Roughing in the electrical and plumbing

Normally after the house is framed with the roof on and house wrap installed, you would install the windows and doors… Unfortunately for us the windows and doors were delayed, and then delayed again, and then again, and then they sent out only a partial order forgetting to send a window and all three of our doors, and so we had to wait some more. Frick (more on this later).

But rather than sitting and waiting for weeks for the windows to finally arrive, we decided to continue forward with the plumbing and electrical rough-in, as well as pouring the concrete floor for the basement. Seeing as we are in the countryside, where we see more deer than people, we do not have to worry about someone wandering into our construction site and stealing the copper wires (apparently this is actually a serious problem on construction sites – the building will be completely wired, and then some criminal cat burglar will come in the night and pull every wire out of the house, taking it to the scrap metal yard for cash).

The plumber was able to come on site a couple days before the roof was finished and got to work running the pipes in the basement – an arduous task that I would not wish on anyone – involving trenching all of the crushed rock and clay to set the pipes in place. The rough in stage is not terribly exciting and is pretty unglamorous, although this is where we started to get asked all sorts of different questions, questions we had never thought about until that moment – how high do you want the sink? How high do you want the wall-mount taps? Which way do you want  the taps facing on the tub? What height do you want the shower head? Where do you want the smoke detector? Where do you want the kitchen HRV exhaust? Et cetera, et cetera. It’s actually really overwhelming. Eventually it was just, “tell me what is standard?”

DSC_0044
This stage is also really messy.

However, one thing we did which was not standard, was the height of our light switches. Light switches are usually positioned at 42″ from the finished floor. Although previously this had been 48″ in the old days due to wainscotting and chair rails. The 42″ height is accepted as the standard height, however there is one problem with this height: See photo. IMG_2969

I hate this! It is almost always in the way of where you want to hang art. Maybe I’m just a little too OCD, but this is one of those things that really bugs me. Plus we have some nice art that we don’t want to have uglied up with the light switches beside them. Last year we were touring a friend’s new house and we noticed that all of the light switches were just a tiny bit lower. He told us that he asked the switches to be set at wheelchair height, which is 36″ from the finished floor, thus not obstructing the placement of all of his pretty art. Genius!

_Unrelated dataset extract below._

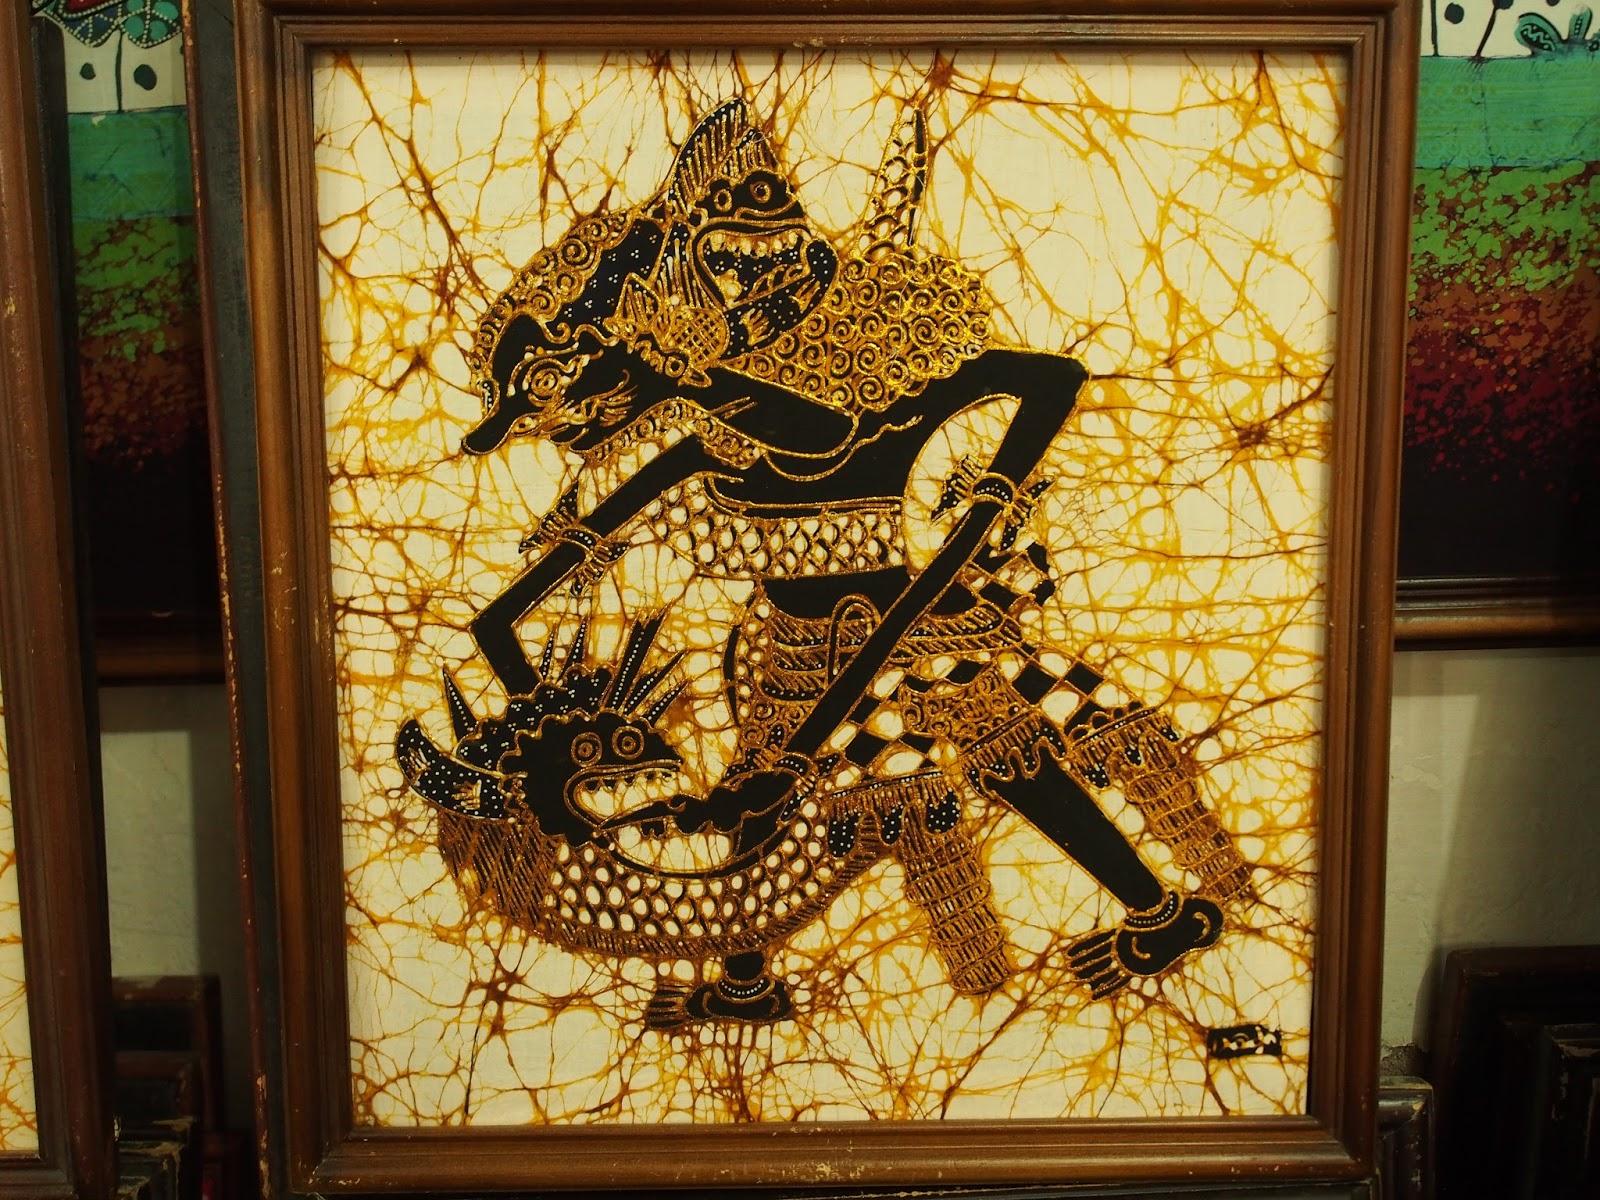 Batik Art and Painting @ Hery\'s | Memoirs of a Traveller

The light switches are still convenient enough to reach even if you are not in a wheelchair, they’re essentially at waist height, which if you are an especially lazy person you will enjoy even more as you don’t have to lift your arm nearly as high to turn on and off the lights. Win-win!

One thought on “Roughing in the electrical and plumbing

  1. Your posts are always excellent and informative , Kent. With good and not so good results of the projects. A learning experience. Sighting the importance of finding reliable and experienced trades: a contractor with passion and knowledge (aka- Taylor) and a home owner how takes the time to research, communicate, understand. And sometimes FLY BY THE SEAT OF YOUR PANTS!